Hi my name is Mandi and I am 47.  I live in the middle of the Ashdown Forest in Colemans Hatch with Glenn, our 13 year old son Jake, Border Collie Nell, cat Jasper, hamster Rufus and 2 chickens!!

I was first diagnosed with discoid lupus in my early 20's when I got a scaly patch on the top of my nose by my eye.  I was referred to Lyle Street where the dermatologist saw that it was a discoid patch. 

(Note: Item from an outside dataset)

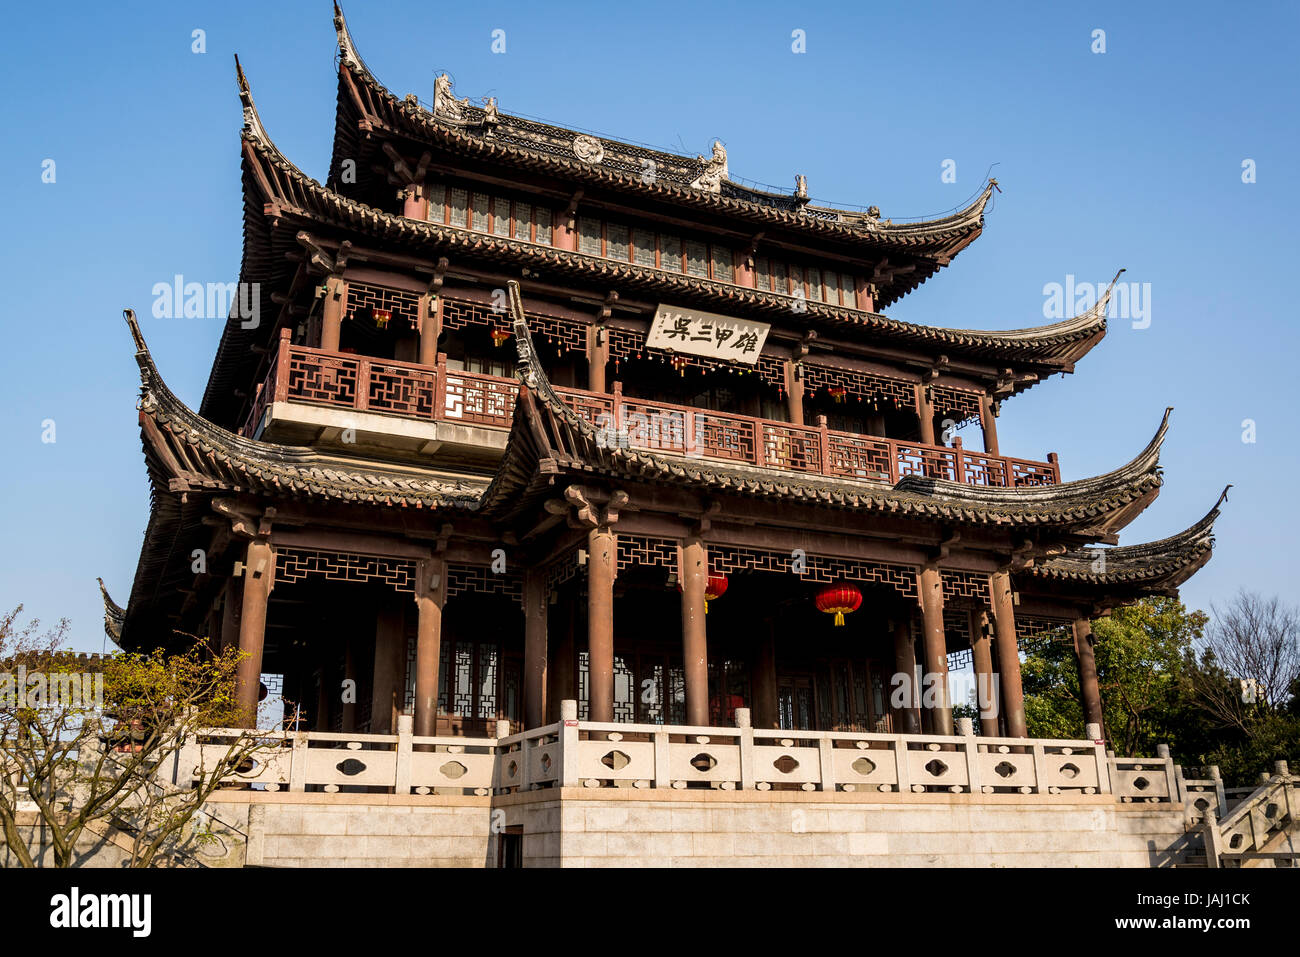 Padiglione del giardino, Pan di gate o di Panmen Scenic Area, Suzhou, provincia dello Jiangsu, Cina Foto Stock

After loads of blood tests and biopsies this was confirmed.  At the time it was very scary as the information available was very old and didn't really relate to my condition as it was mostly all about SLE.  I was treated with steroid creams and not much else for a long time.

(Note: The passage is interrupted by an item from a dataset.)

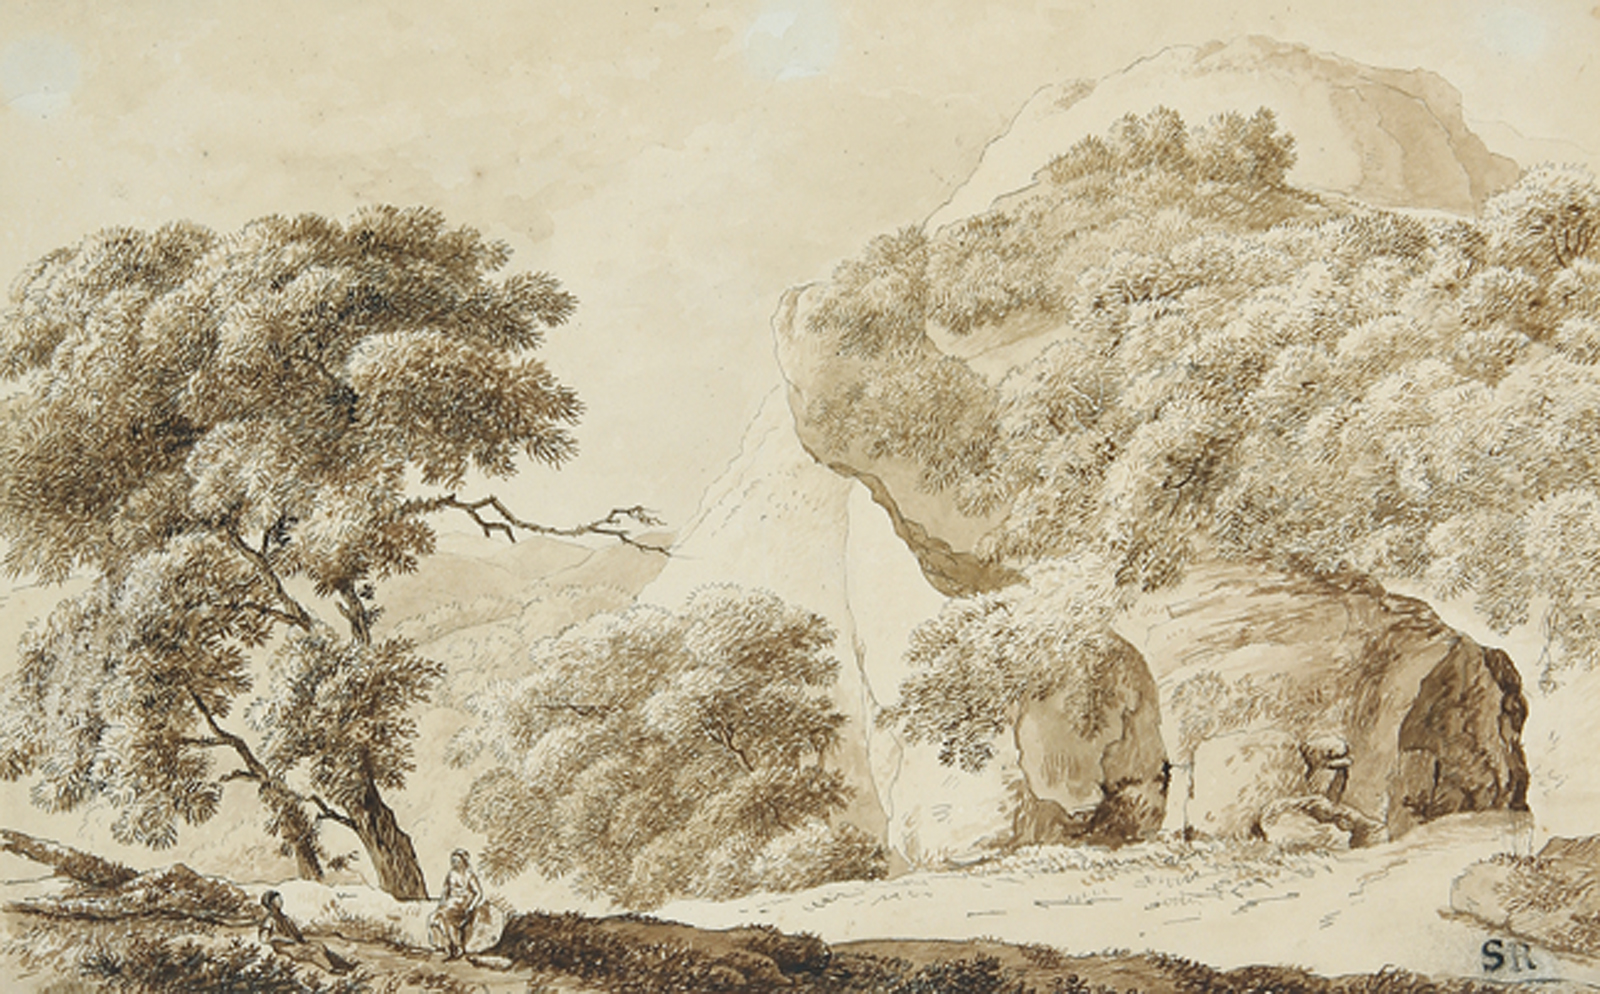 Südliche Landschaft mit rastendem Paar nahe einer Felshöhle.

Over time the lesion on my nose spread down one side onto my cheek and became quite unsightly and I also began to get them on my ears and bottom eyelid.  My left ear is the worst and I cannot wear an earring as it has eaten away part of the lobe.  I also began to get bald patches on my scalp and some of my eyelashes fell out!!

Distressing is not the word!!

I also get aching joints when I have a flare up.

I was eventually referred to St Thomas's where I began to try all the anti-malarials but unfortunately I have an intolerance to quinine and they make me really sick.  I have also been on prednisolone and did try Thalidomide but to no avail. The lupus unit is so supportive, informative

I have had steroid injections in my scalp (nice!) and some laser treatment which did calm it down on my head for a while but my funding was then taken away!  I also have atrophy scarring on my arms which looks horrible due to long term steroid cream.  The dermatologists have said I can no longer use it on my face as the skin is too thin!!  I do however use sun block everyday under my make up.

We have been all over the world on holidays from Disney to Mauritius and I have never had a flare up as I wear a hat and use sun cream.  I do get tires but then rest so it does not ruin my life!!

When I was younger I found it really hard to deal with and am still very self-concious about my hair loss.  I am a whiz with the make-up and have found that MAC, Bobbi Brown and Bare Essentials minerals work fantastically well at covering it all up! If any one wants any help or tips then feel free to email me and if I can help I will!

I have a strong network of family and friends but they still find it hard to understand and when asked about it people still say ' Lupus - whats that?'

When my dad was a London taxi driver he would accost any consultant he picked up trying to find the miracle cure.

Sadly there isn't one yet.

Glenn is a huge support and doesn't notice, although he will let me know discreetly if my bald patch is showing!  He never flinches at the amount of cosmetics I buy and thinks I should be a make-up artist as I am so good at disguising it now!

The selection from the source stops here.